Saturday 23 January 2021

Joe, Barak and Me

It was impressive.  The White House in all its glory, as if the riot of two weeks ago had never happened, the key people seated in their overcoats (why does this pageant have to be in winter, when Washington DC is so cold? - Didn't I read somewhere that it used to take place in March?) and the touching sight of one of the National Guard crossing himself at the end of the prayer for the victims of Covid-19.

My thoughts went back to the occasion twelve winters ago, when Joe Biden was in the vice-presidential chair.  What a lot has happened in the twelve years since Barak Obama's inauguration.  I don't intend to offer an incompetent summary of world events in that time (you will be pleased to know!).  But, more out of curiosity than with any other intent, I wondered what I was doing at that particular time.  January 20th was a Sunday that year, so I plucked from my records the week either side.

By Wednesday of the first of those two weeks, the furthest I had gone was the Birmingham area, with deliveries in Shirley and Redditch, so on Thursday I was glad to land a pick-up from a railway depot in Hornsey for two drops in Preston.  Full of cheek and more in hope than expectation, I rang in to say, alliteratively, "I've done these ... is there a car-size collection in Kirkintilloch before I head back?"  I was in admiration - as ever - of my boss's wit as, quick as a wink, he responded, "Sorry, there was one, but I gave it away to someone else!"  On the way home I had a call to ask me to repeat a job I'd done on the Tuesday, collecting from RAF Wattisham in Suffolk for one of our customers in Luton.

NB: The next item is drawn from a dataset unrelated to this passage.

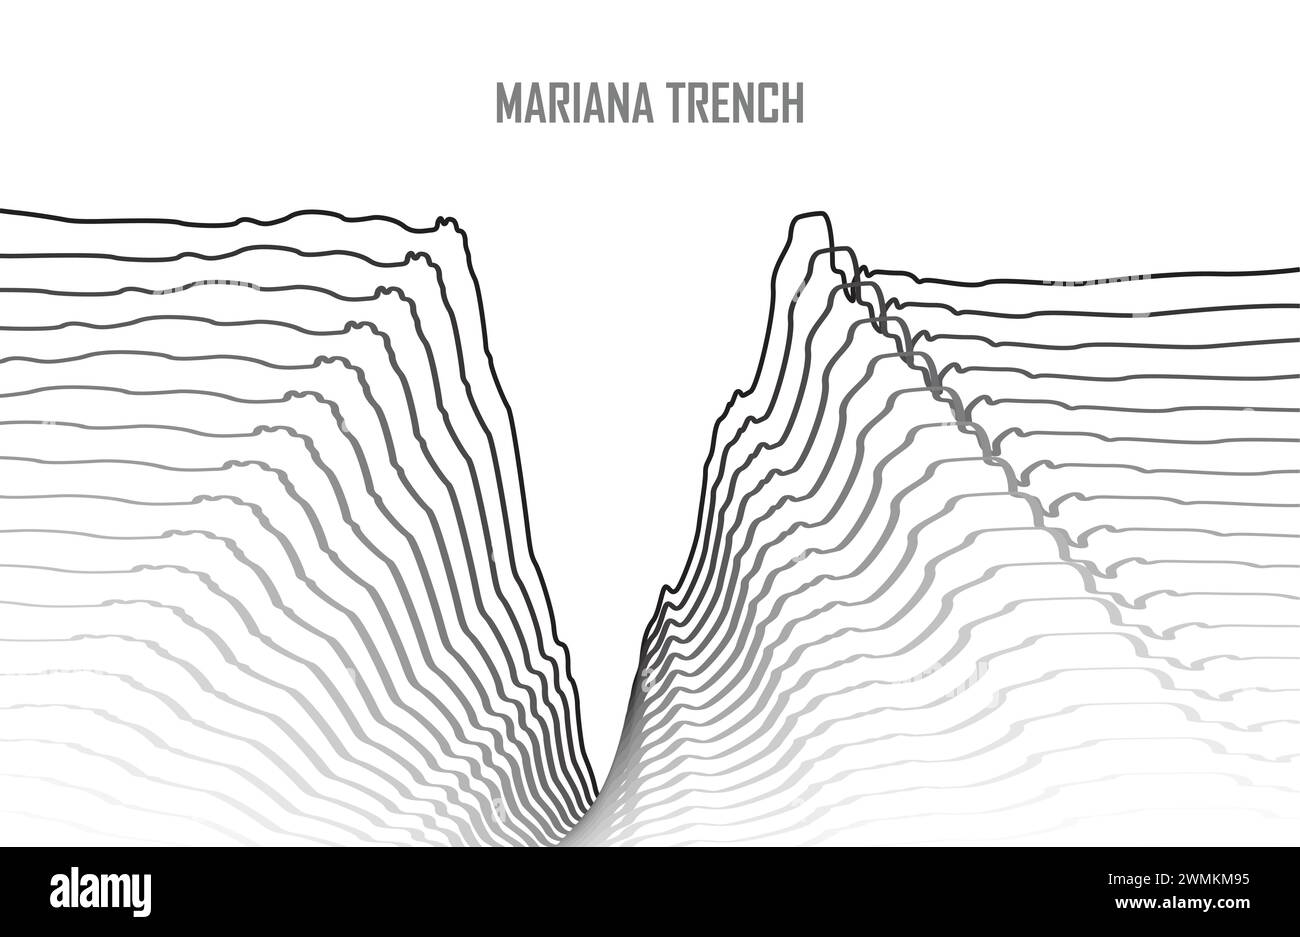 Vector silhouette mariana trench underwater sea line art illustration Stock Vector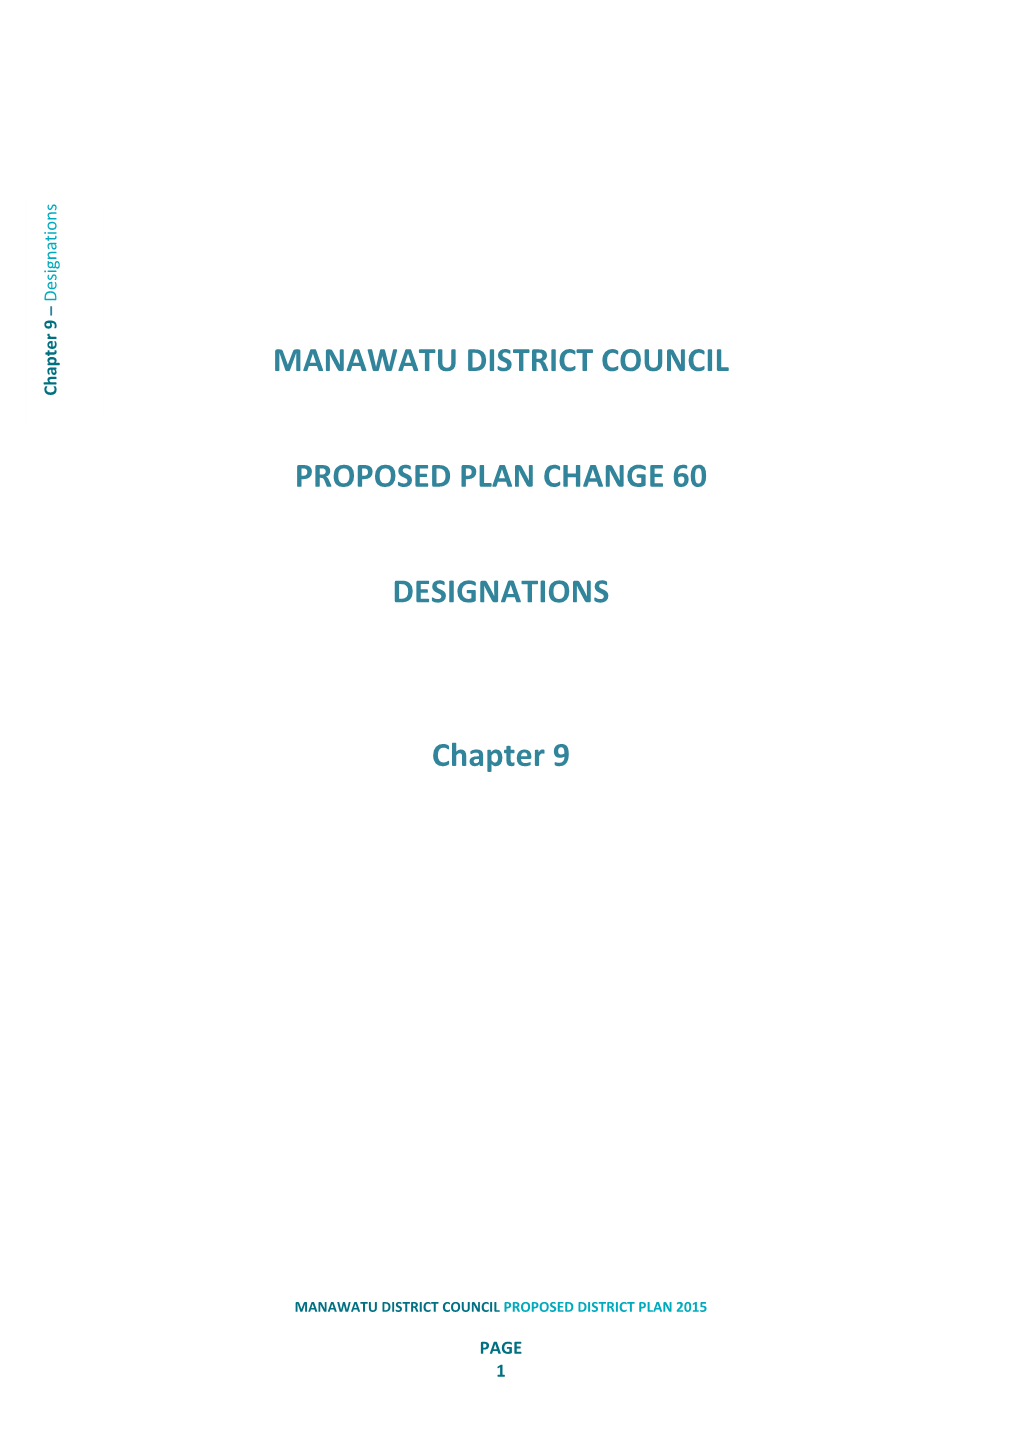 Manawatu District Council Proposed Plan

January was always a slow month for us and some of my colleagues couldn't stand the wait for another job and went home.  Maybe they knew they could be more useful there, with gardening, decorating or whatever.  I was usually content to wait so long as I had a puzzle or a book to read and often my willingness was rewarded with a job no one else wanted.  One night, I recorded, I had taken an evening delivery to a pharmacy in Pinner.  It was a job that paid me just £24, but when I got there - the shop was closed, but the pharmacist had waited and was going to deliver the medication I'd brought to someone's home - he profusely thanked me for coming and said, "You may have saved someone's life tonight!"  Not all the rewards were pecuniary.

January was a slow month; the next week I'd earned about two-and-a-quarter day's income in the first four days ... and, apparently, I was one of the lucky ones.  One who, it seemed, was always luckier, was an ex-police inspector who had no need of the income, so we thought, to supplement his generous pension.  On the previous day, he had enjoyed a convenient pair of deliveries, one in Bristol, the second in Llanelli, and was now moaning because he 'hadn't got in until late', and therefore 'wasn't looking for much today.'  My notes said that I thought of 'Oliver' and the 'privilege of indigestion'.

Even in those slack times, there were good experiences.  I note that I had taken a job from Royston to Harwich: "... a pleasant morning, cruising through Suffolk in the sunshine and then down to Manningtree and Mistley to get there 'the pretty way'."  Regular readers won't be surprised to learn that I had noted my discovery that the distance from Royston to Harwich was the same as from RAF Wattisham to Luton.

On the home front, I had been having a clear-out.  I had long been a subscriber to Freecycle, the forerunner of today's 'Trash nothing' system, and it was often easier for me to deliver to someone wanting my offers, because I could never plan when I was going to be at home for anyone to call.  The previous weekend, I had delivered a 'big black overcoat, symbol of the junior exec.' and a 'made-for-the-RAF' raincoat.  The first of these had cost me £80 in about 1985, I noted, and the second was from a 'staff sale' when I worked for a bespoke clothing firm a couple of years later.  Now, I couldn't get into either of them and they were just cluttering up my wardrobe.

And finally a topical revelation.  Back in November, I wrote here about a traumatic day in which work gave way to an enforced visit to A&E ... all because I wasn't drinking enough.  Twelve years ago, I noted that, "I was going round the M25 this evening when I suddenly felt quite faint.  It's occurred several times over the last number of years always about this time of day, but usually when I've just got home from work.  This was the first time I'd experienced it while driving, though.  It's not a dizzy faintness, simply a weakness in the legs, like I knew that, at that moment, I wouldn't want to get out of the van and stand up."

That had clearly been going on for many years, although I haven't noticed it since I stopped working and life became a little more regular.  I went on, "I think it's just a by-product of self-neglect; I'm usually OK after eating and drinking something."  I called in at the Ram in Hayes (a pub that has long since been demolished for housing), where I knew I could "count on a good plate of 'home cooking'."

I wonder how - if at all - life will change now that Joe Biden has become president.